Посещение

Не признавая разницы между вещью и тенью вещи,
надвигается сумрак, основанный на слияньи
тишины и ее протеже – речи с множеством трещин
косноязычия.В потоке любого желанья
можно выудить все, что угодно: стыдливость, радость,
сожаленье и гнев наряду с потворством
чувству мщенья. Вся эта гадость
называется просто-напросто душевной коростой.

Вечер влезает в одежду немыслимого покроя,
скоропостижно старея. Лабиринт квартиры
обещает щекотку нервов. На поле боя,
то есть здесь, где чуть слышимый звук перемирья
превращается в нечто щемящее, Ариадна
появляется с нитью, с веретеном шелковых
и ведет нас вовнутрь, где цветные пятна
стен и стекол напоминают протест целковых

против засилья двугривенных, и мы в ударе,
понимая всю важность момента, садимся в кресла,
так когда-то предложены были царице Тамаре
трон из меха иль трон из пуха, чтоб августейшие чресла
не попали в объятия пролетарских стульев.
Но картины бы не было полной, когда б Минотавра
не терзала простуда в кровати, иначе пулей
мы бы вылетели отсюда, как улетает сегодня в завтра.

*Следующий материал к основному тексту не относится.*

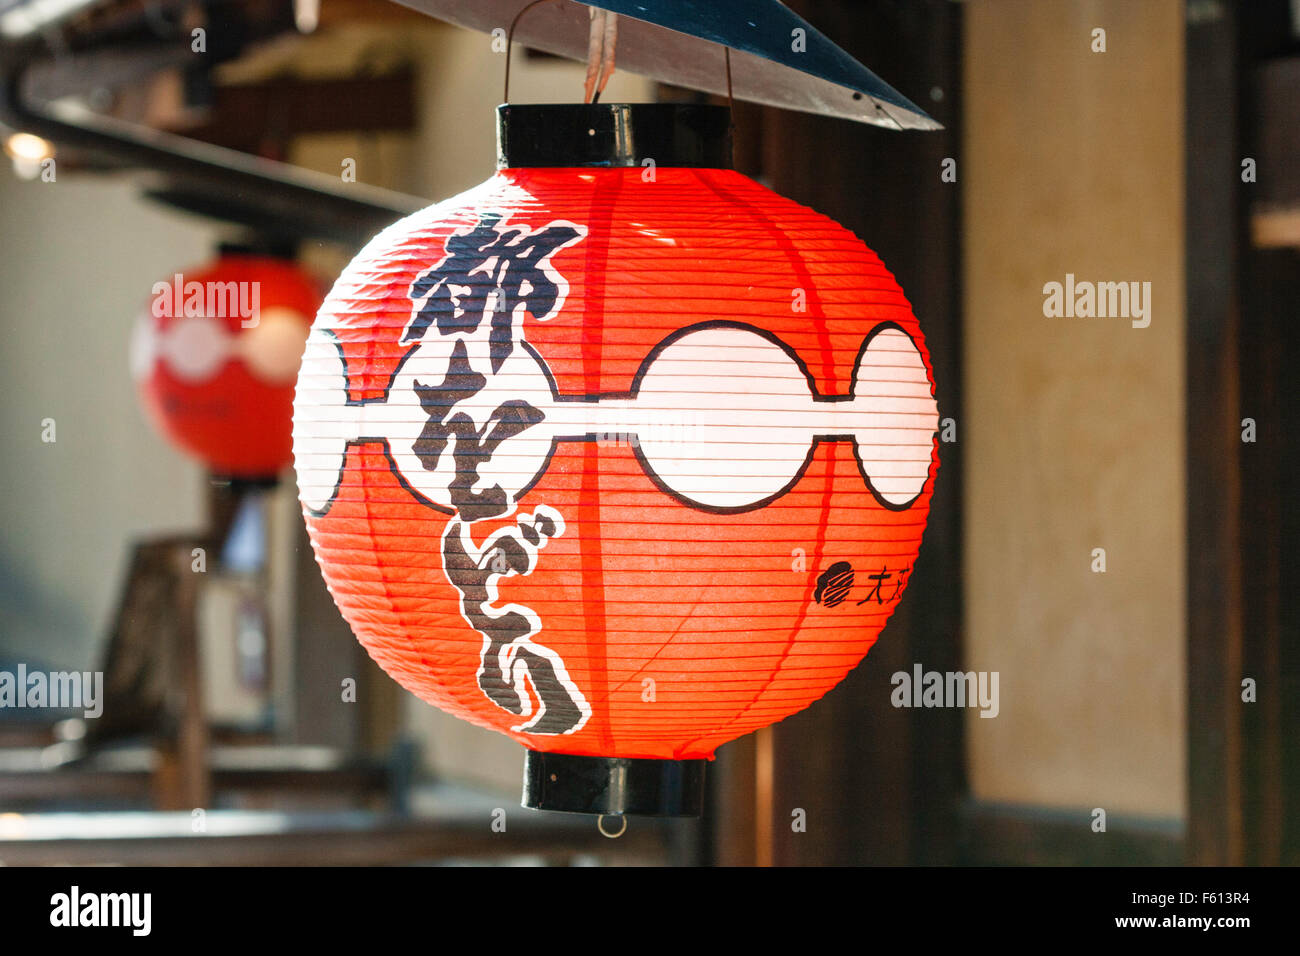 Japan, Kyoto, Gion. Red pattened lantern, Chochin, hanging outside store. Stock Photo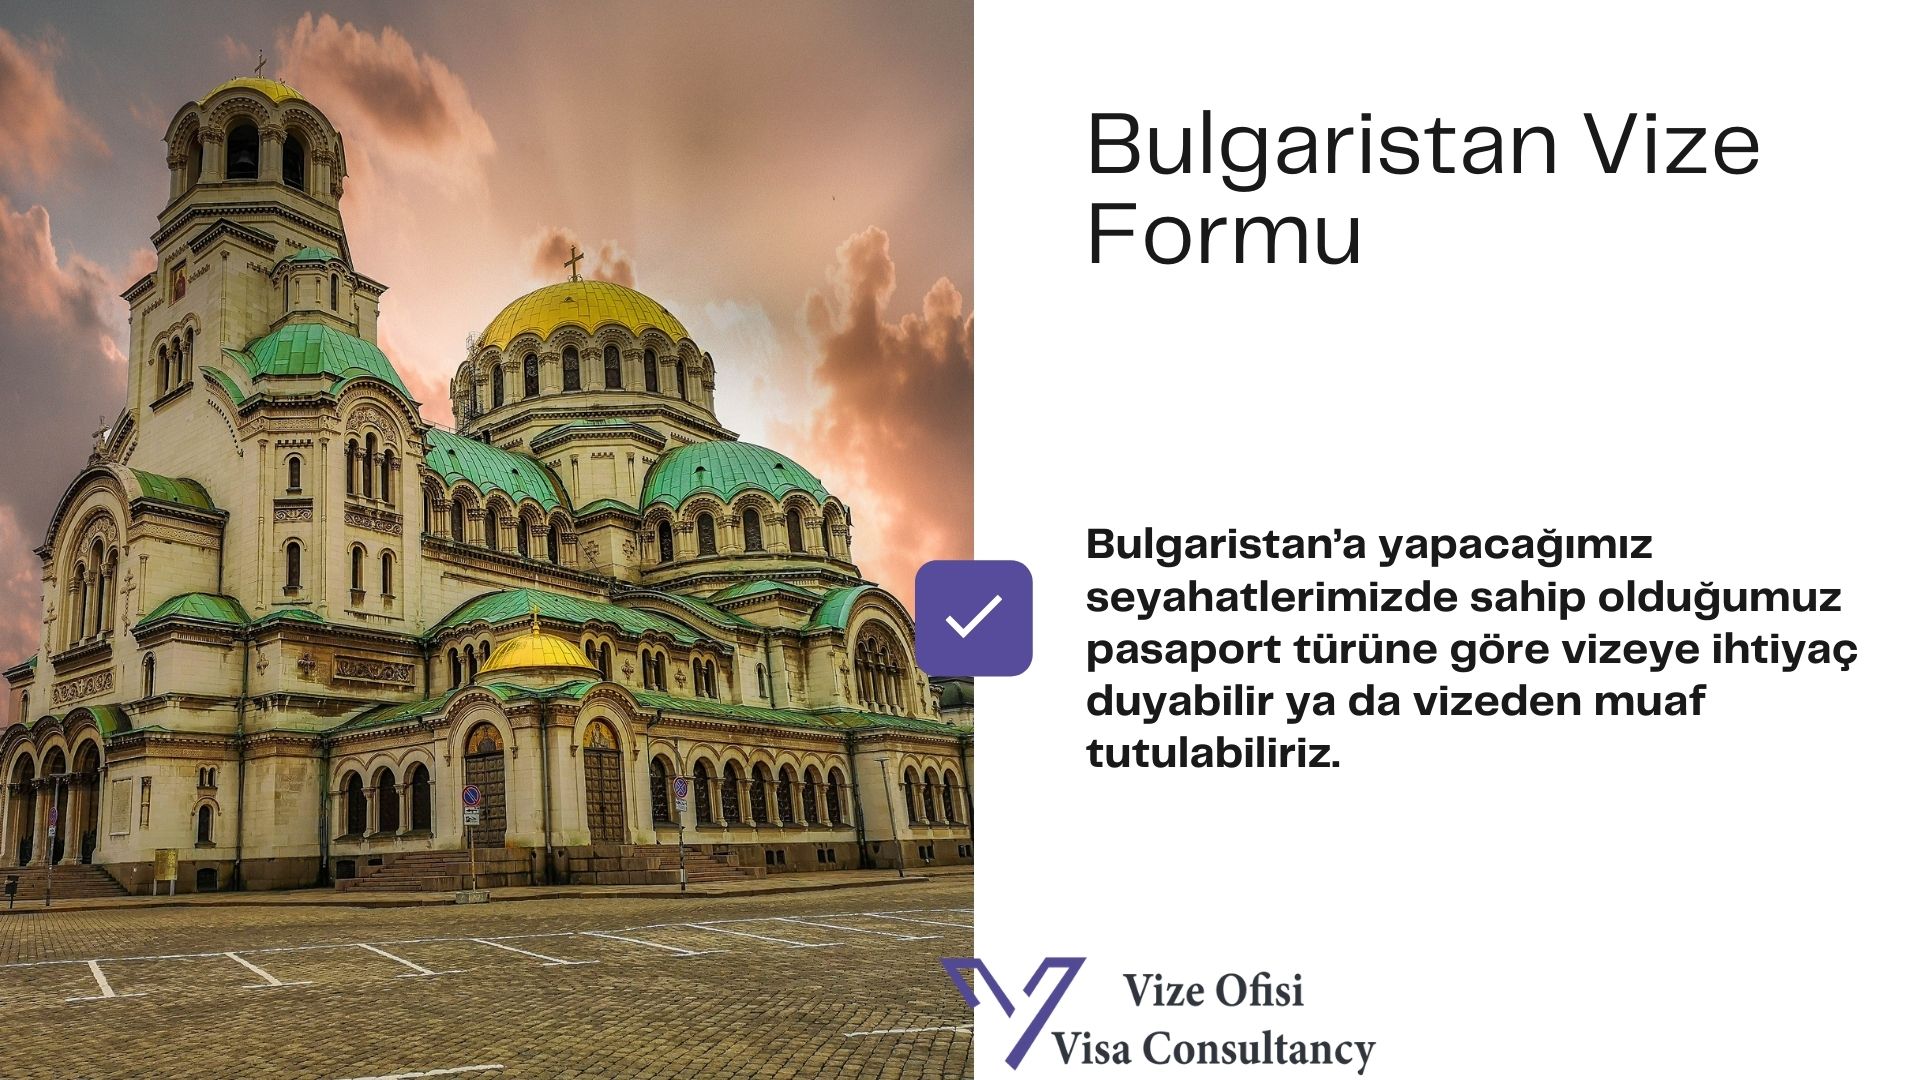 Bulgaristan Vize Form ve Dilekçe 2021

Время, выжатое в кувшины, распространяет запах
рододендрона, но коль быть поточней, то герани.
Не обошлось, как видно, без лап доморощенного эскулапа,
доходящего в выдумке почти до абсурда. Грани
не нарушены, но отдают чем-то очень близким
разрушению. Ангел со скрипкою Страдивари,
воспарив жирной плотью, пиликает в стиле писка.
И, подражая, Шагалу, Тарковского вторит дару.

Бой старинных часов. Рукоделие Кигельмана
с хладнокровьем почти в заблуждение вводит пришлых
тем, что путает местность. В подаче переднего плана
статуэтки и амфоры. И вместо Кришны
Богородица. На лепной потолок лишь глянешь,
тут же хочешь себя представить в былом столетьи,
Климт в обличии той, для которой глянец
все равно, что ударить себя собственноручно плетью.

Жаль, что эта жемчужина осталась тем же
украшением дна, но не морского. С нитью
Ариадна хлопочет, найдя в одежде
мебельную громоздкость. Подсознательное наитье
ей подсказывает женщиной быть Лотрека,
драпируя в ночные тона, особенно, ноги.
Как оказалось, дважды можно не только в реку,
но и в то, что запрещают слабому полу Боги.

Но и это не повод остаться, если не в равнодушьи,
так в ближайшем его состояньи. Одна лишь гейша
без усилий снимает тяжелый приступ удушья,
порожденный тем же неисправимо-грешным
двадцать первым столетьем. В ее движеньях
столько страсти и неги, что вместо славянской плоти
в европейских одеждах, хотелось бы как украшенье
танцовщицу держать в своем доме, хоть законы морали против.

Песнь незримых сверчков, как невидимый звук мембраны
наполняет квартиру. Хозяйка с лицом Психеи
угощает нас рыбой, которою потчуют лишь тиранов,
видя качества в ней той единственной панацеи,
о которой за все времена не узнали смерды.
Натюрморт был бы беден, когда б не фрукты
и не торт, и не все опьяняющие приметы
то ли водки столичной, то ль ее ученицы — цикуты.

Настороженный вечер прядает, как конь ушами,
приближение слыша закованной в панцирь ночи.
И туман разговора бесплотно клубясь над нами,
превращается в дождь озарения. Что есть мочи
убегают последние блики дневного света
в полночь черного бархата, в праздность тени.
И сухие цветы так бездарно прошедшего лета
тоже мнят о своей принадлежности к царственной лени.

И под занавес тот, для кого пароксизмы гнева
как лекарство, выходит из недр, предлагая насморк
и все то, что бывает в стареньи мужского древа:
несваренье желудка, перекрывшая горло астма,
словно это не есть нашей общей болезнью века.
Все мы овны и львы, и стрельцы, и их козероги,
к сожаленью иль к счастью, просто лишь человеки,
но все то, что повыше, то есть то, что бессмертно – Боги.